What just happened? Elon Musk isn't accustomed to losing, but the world's richest man just felt the sting of defeat in his trial against OpenAI, CEO Sam Altman, and President Greg Brockman. A federal jury said that Musk had waited too long to file his suit, which accused the defendants of violating an agreement to keep OpenAI as a charitable non-profit organization.

Musk was one of the co-founders, backers, and initial board members of OpenAI. He claims that when he was approached by Altman and Brockman to help fund the startup in 2015, he was promised that it would be an open-source, not-for-profit company focused on safely creating artificial general intelligence (AGI) and countering the competitive threat from Google.

Musk's 2024 lawsuit alleged that Altman and Brockman turned OpenAI into a profit-driven, closed-source AI firm whose relationship with Microsoft helped enrich its executives and partners. Musk was seeking damages and wanted Altman and Brockman removed from OpenAI. As the lawsuit stated:

"OpenAI, Inc. has been transformed into a closed-source de facto subsidiary of the largest technology company in the world: Microsoft."

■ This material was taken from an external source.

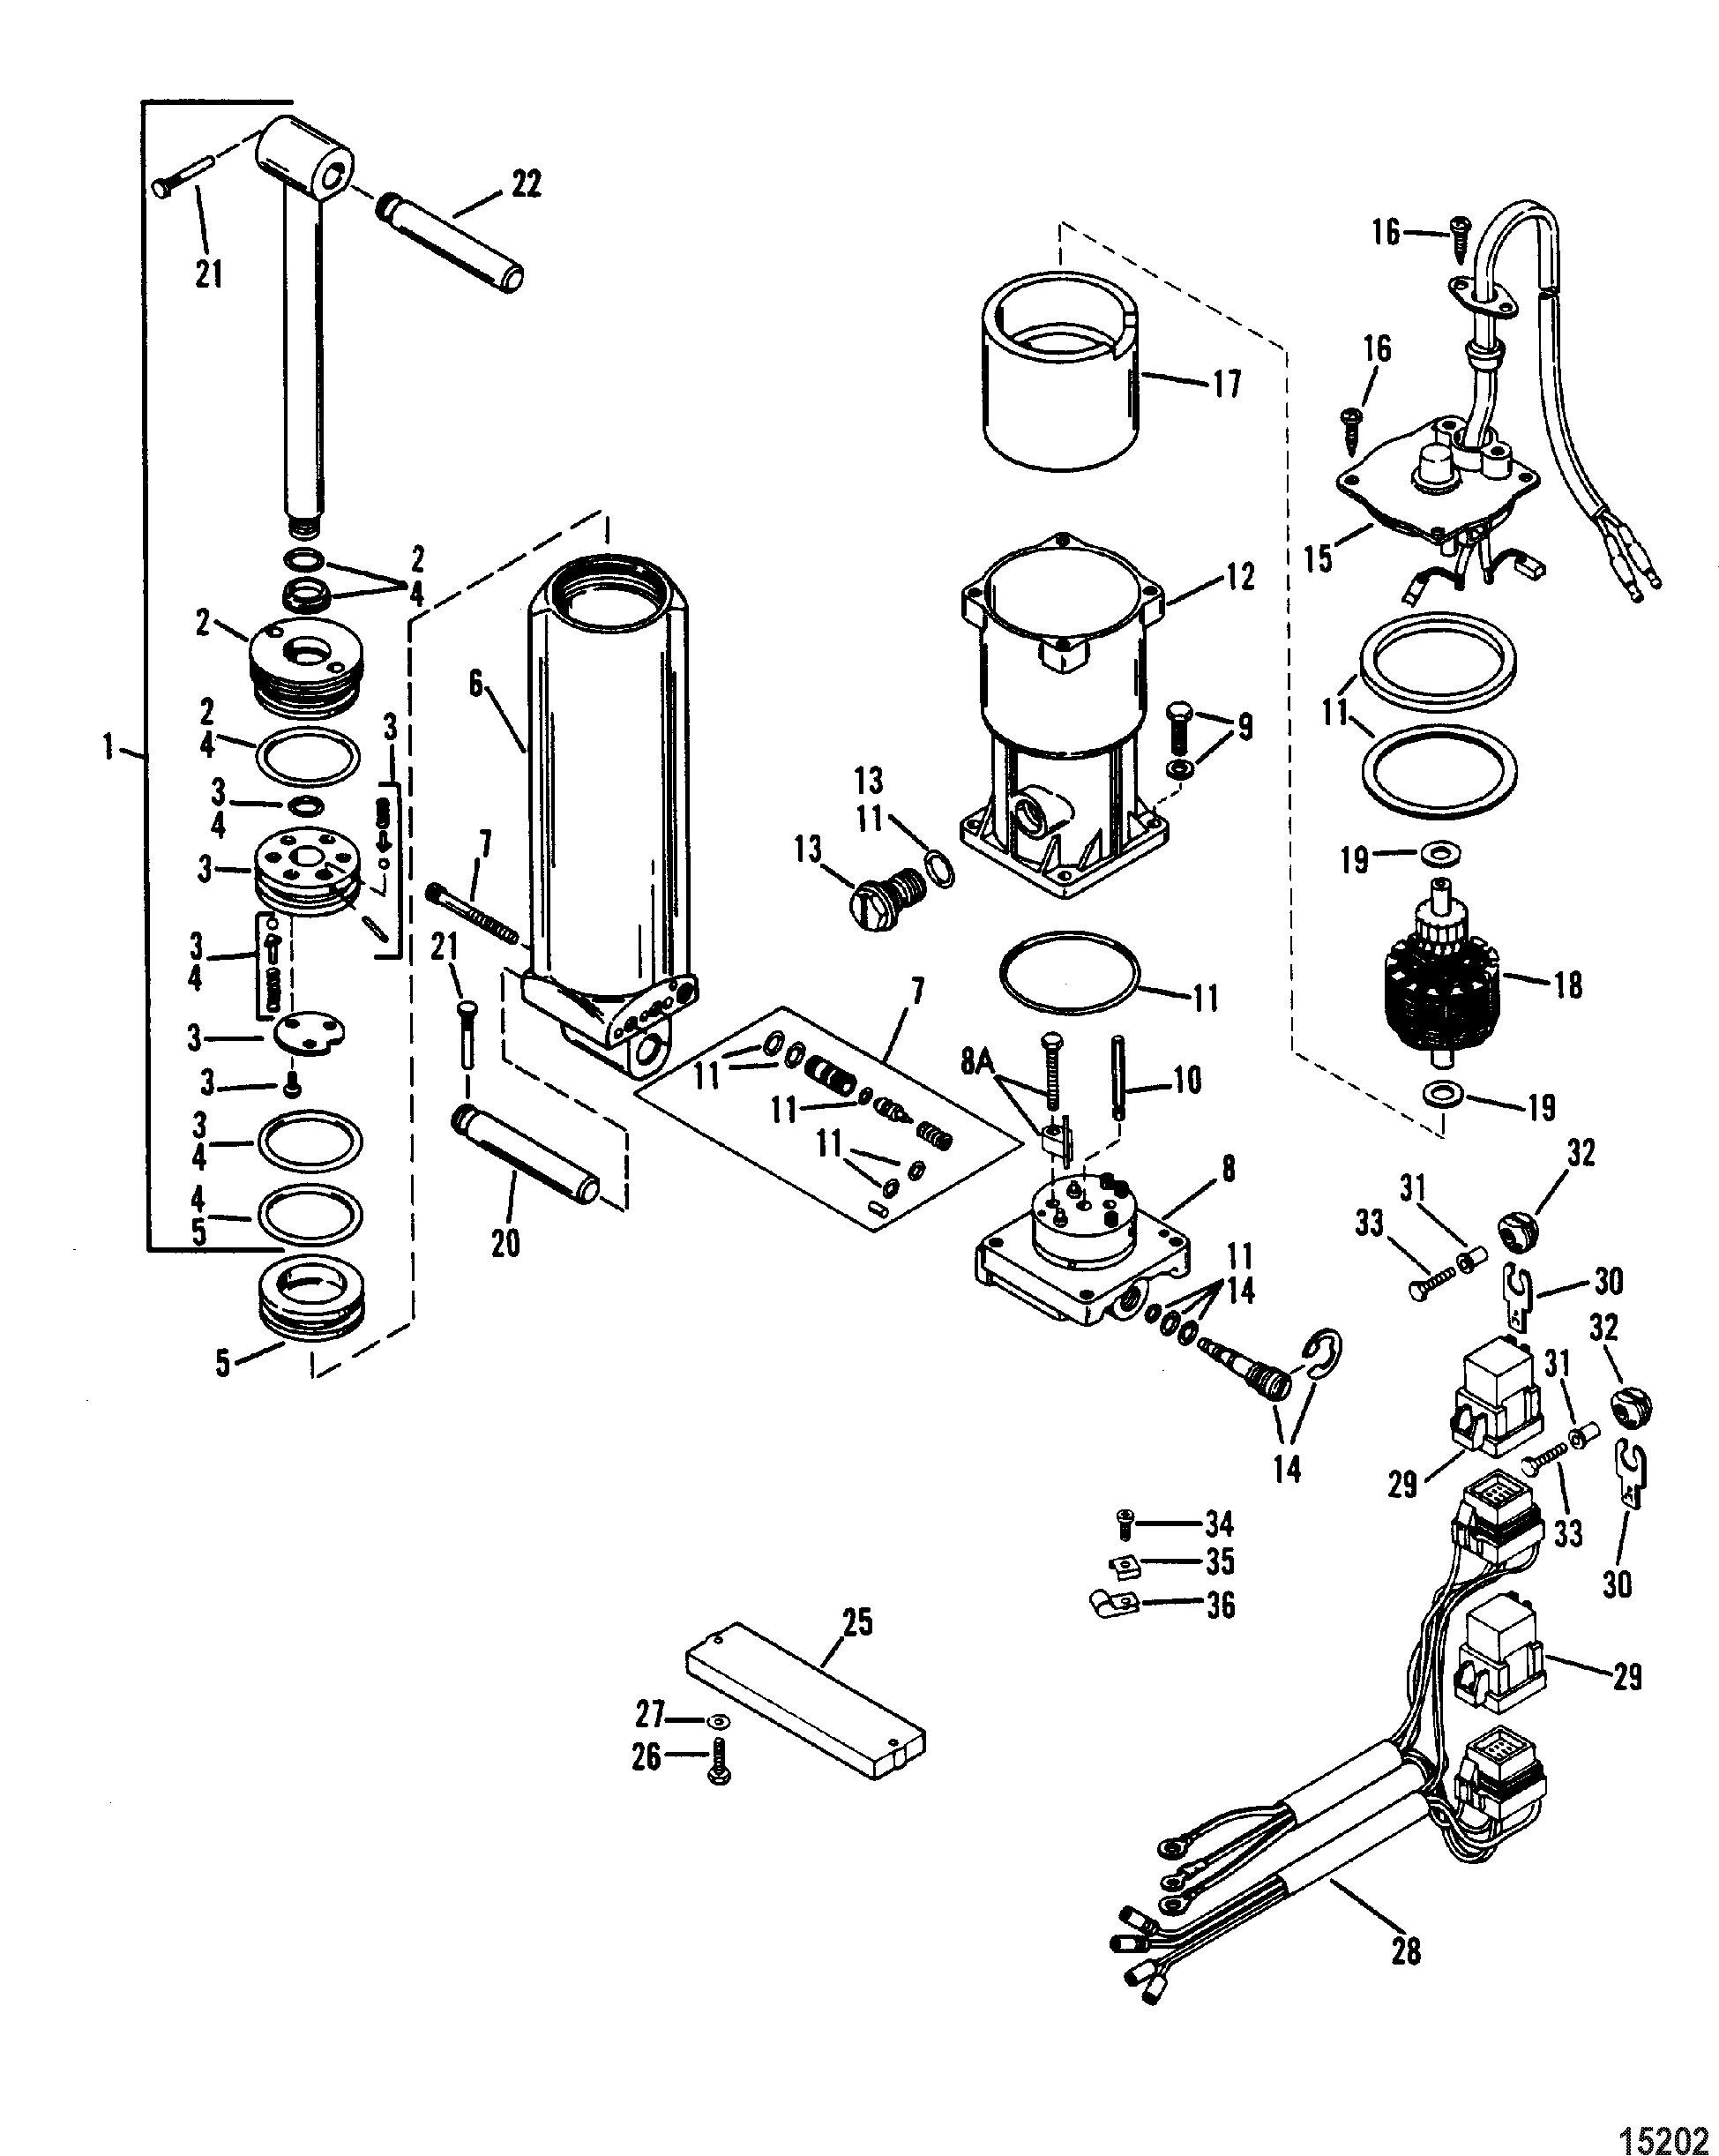 mercury 115 4 cyl auto electrical wiring diagram  power trim ponents single ram power trim for mariner mercury sea ray 100

The jury, which had been serving in an "advisory" capacity, took less than two hours to rule against Musk after a three-week trial in Oakland. US District Judge Yvonne Gonzalez Rogers agreed with the verdict and dismissed Musk's claims of breach of charitable trust and unjust enrichment as untimely.

Musk's problem was the three-year statute of limitations. The jury didn't have to decide whether OpenAI really abandoned its founding mission, but only whether Musk knew enough about the company's move toward a for-profit structure more than three years before he sued in 2024. Jurors decided he did. Microsoft also emphasized the timing issue after the verdict.

"The timeline in this case has long been clear," the company said, welcoming the decision to dismiss Musk's claims as "untimely."

That timing problem was especially damaging because Musk left OpenAI in 2018, the company created its capped-profit arm in 2019, and Microsoft's multibillion-dollar relationship with the ChatGPT maker was hardly a secret by the time he filed.

Musk is not taking the loss quietly, of course. Writing on X, he said the judge and jury "never actually ruled on the merits of the case," calling the decision "a calendar technicality." He added that he would appeal.

OpenAI has long argued that Musk's claims are baseless and part of a campaign against the company after he launched his rival AI startup, xAI. The ruling removes a legal headache for Altman's firm, though Musk's reputation for holding a grudge means this feud is unlikely to disappear soon.